Ведь Гоббс не может не знать о самом что ни на есть исходном, естественном и совершенно неустранимом половозрастном неравенстве людей, делающем предполагаемое единодушие крайне маловероятным. Если кто-то когда-то в доисторические времена и договаривался, то это были не все люди и даже не делегаты-депутаты невесть откуда взявшегося огромного множества людей, а скорее некие представители небольшого рода, вероятно, женского пола, говорившие от имени своего потомства. Гоббс был прав: «В естественном состоянии нельзя знать, кто является отцом сыну, если на него не укажет мать. Поэтому он является сыном того, кого захочет мать, и поэтому он принадлежит матери. В естественном состоянии всякая роженица становится одновременно и матерью, и госпожой» (т. 1, с. 366). Кроме разумности приведенных утверждений, о справедливости такого замечания говорит и обычай ( в подтверждение Гоббс ссылается на амазонок). Наверное, ему все-таки не стоило бы то ли забывать, то ли умалчивать, что рождаются женщинами не одни сыновья, бывают и дочери. Пожалуй, он не был бы самим собой, если бы не добавил: «Если мать является гражданкой какого-нибудь государства, то тот, кто в этом государстве обладает верховной властью, будет обладать и господством над тем, кто рожден ею, ибо он господин и матери, которая обязана во всем повиноваться обладающему верховной властью» (т. 1, с. 367). И еще: «В естественном состоянии нет понятия сын, ибо всякий родившийся тотчас же оказывается в полной зависимости от того, кому он обязан сохранением своей жизни, то есть матери, отца либо всякого, кто кормит его» (т. 1, с. 290). Какой уж тут договор! Совершенно экстравагантно Гоббс вдруг предлагает обратиться к «естественному состоянию и рассмотреть людей такими, какими они были в тот момент, когда они только что, подобно грибам, появились вдруг из земли уже взрослыми, не связанными никакими обязательствами друг с другом» (т. 1, с. 361). Когда он говорит о человеке как о животном, потому что «животное входит в само определение человека» (т. 1, с. 365), это звучит хоть и грубовато, но вполне достоверно. Но животные - это не бесполые растения, размножающиеся спорами, а двуполые живорожденные особи, чье появление на свет невозможно без оплодотворения самки самцом. Единственное, что в этом случае может хоть как-то оправдать аналогию Гоббса, - это идея материального единства всего живого [8].

Гоббс рассуждал о природе человека трезво, не без иронии и в духе британского здравомыслия. Он полагал, что «до появления прочных соглашений и законов люди, подобно животным, не знали ни справедливости, ни несправедливости и не имели понятия ни о добре, ни о зле» (т. 1, с. 237).
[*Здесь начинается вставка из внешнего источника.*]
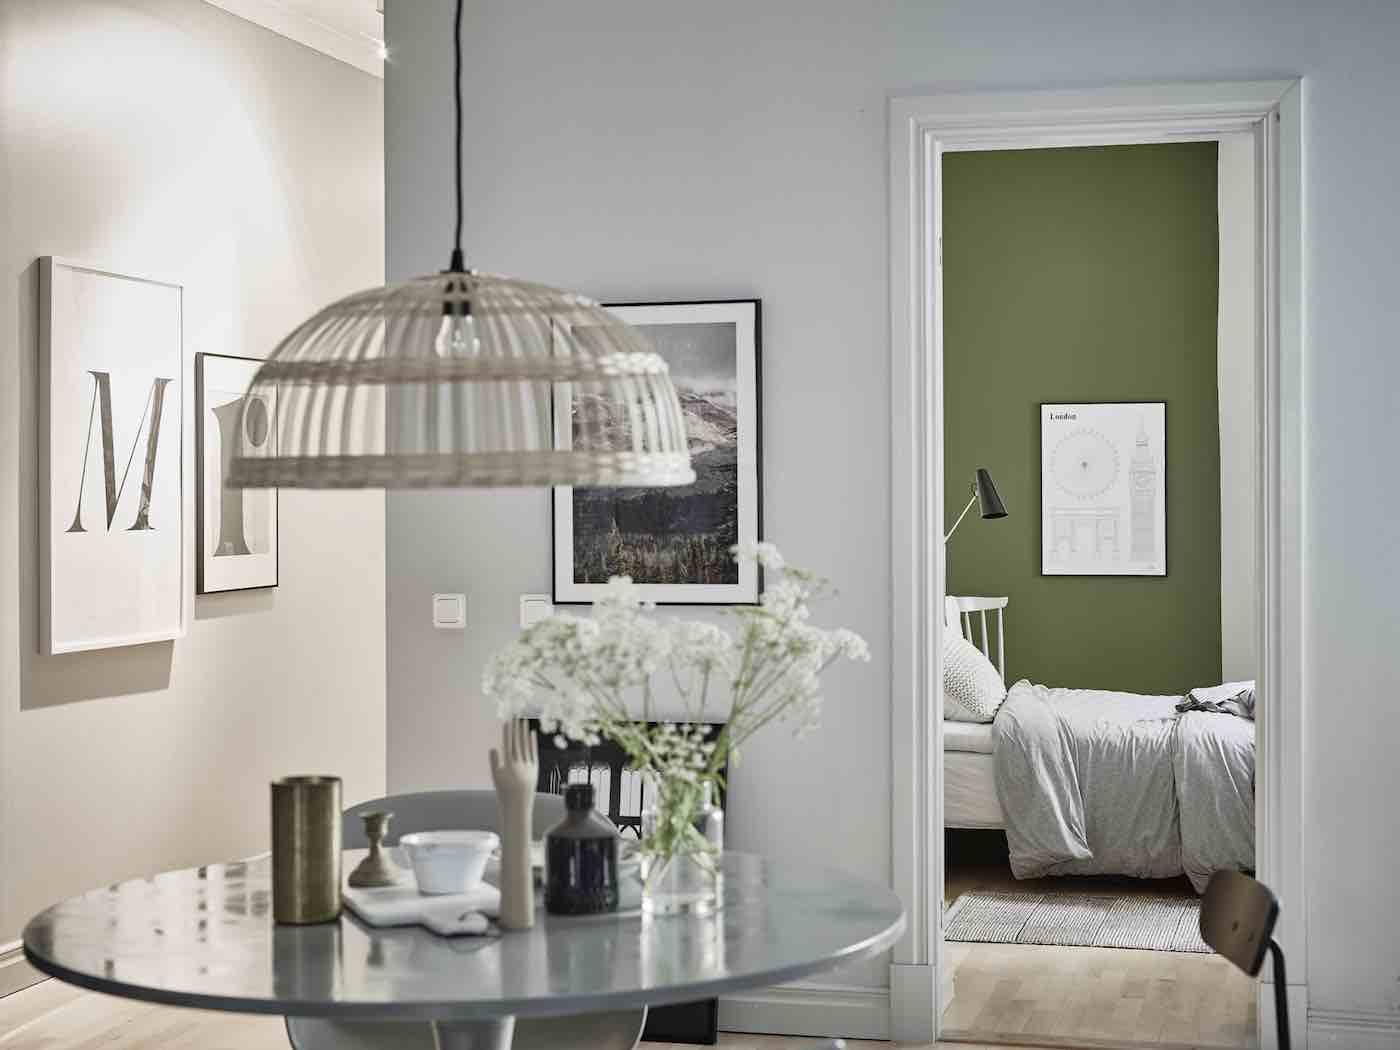 Schwedische Wohnung mit grünen Akzenten - Designs2love
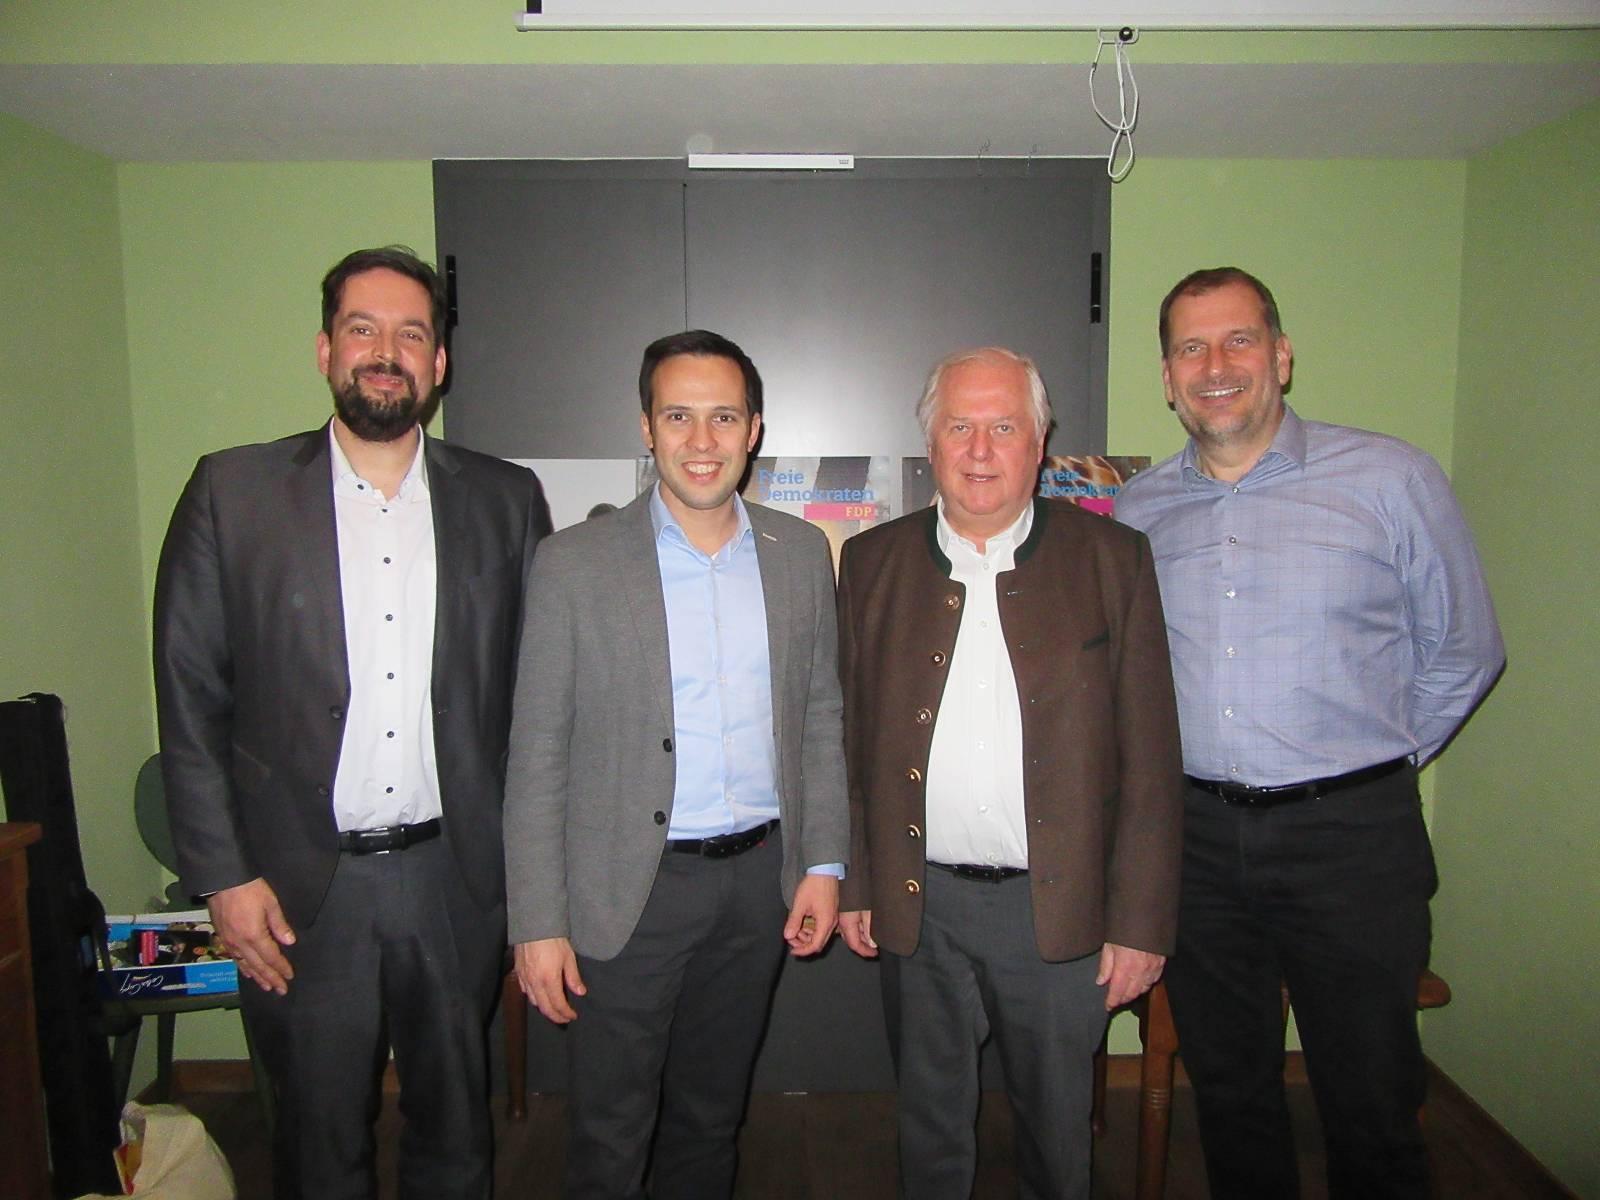 v.l.n.r.: Dr. Patrick Lechner, Martin Hagen (MdL), Günther Fuhrmann, Larry Terwey

Он знает, что сами слова «добро» и «зло» всегда употребляются в относительном смысле. «Каков бы ни был объект какого-либо человеческого влечения или желания, - это именно то, что человек называет для себя добром; объект своей ненависти или отвращения он называет злом». Так как для различных людей предметом влечения и отвращения являются различные вещи, то должно существовать много вещей, которые для одних - благо, а для других - зло. «Так, для наших врагов зло то, что для нас благо». «Порой многие вещи, часть которых является благом, а часть - злом, так тесно связаны между собой, что их нельзя отделить друг от друга. Следовательно, хотя каждая отдельная вещь сама по себе есть только благо или только зло, все же их совокупность есть отчасти благо, а отчасти зло. В результате неопытные люди, которые не способны представить себе отдаленные последствия вещей, конечно, слепо принимают все, что на первый взгляд представляется благом, не замечая связанного с ним зла, чтобы потом горько поплатиться за свою неопытность» [9]. В силу всего сказанного, «никакое общее правило о том, что есть добро и что - зло, не может быть взято из природы самих объектов, а устанавливается или каждым отдельным человеком соответственно своей личности (там, где нет государства), или (в государстве) лицом, представляющим государство, или арбитром, или судьей, которого расходящиеся во мнениях люди изберут по взаимному соглашению и чье решение они сделают указанным правилом» (т .2, с. 39; т. 1, с. 239-241).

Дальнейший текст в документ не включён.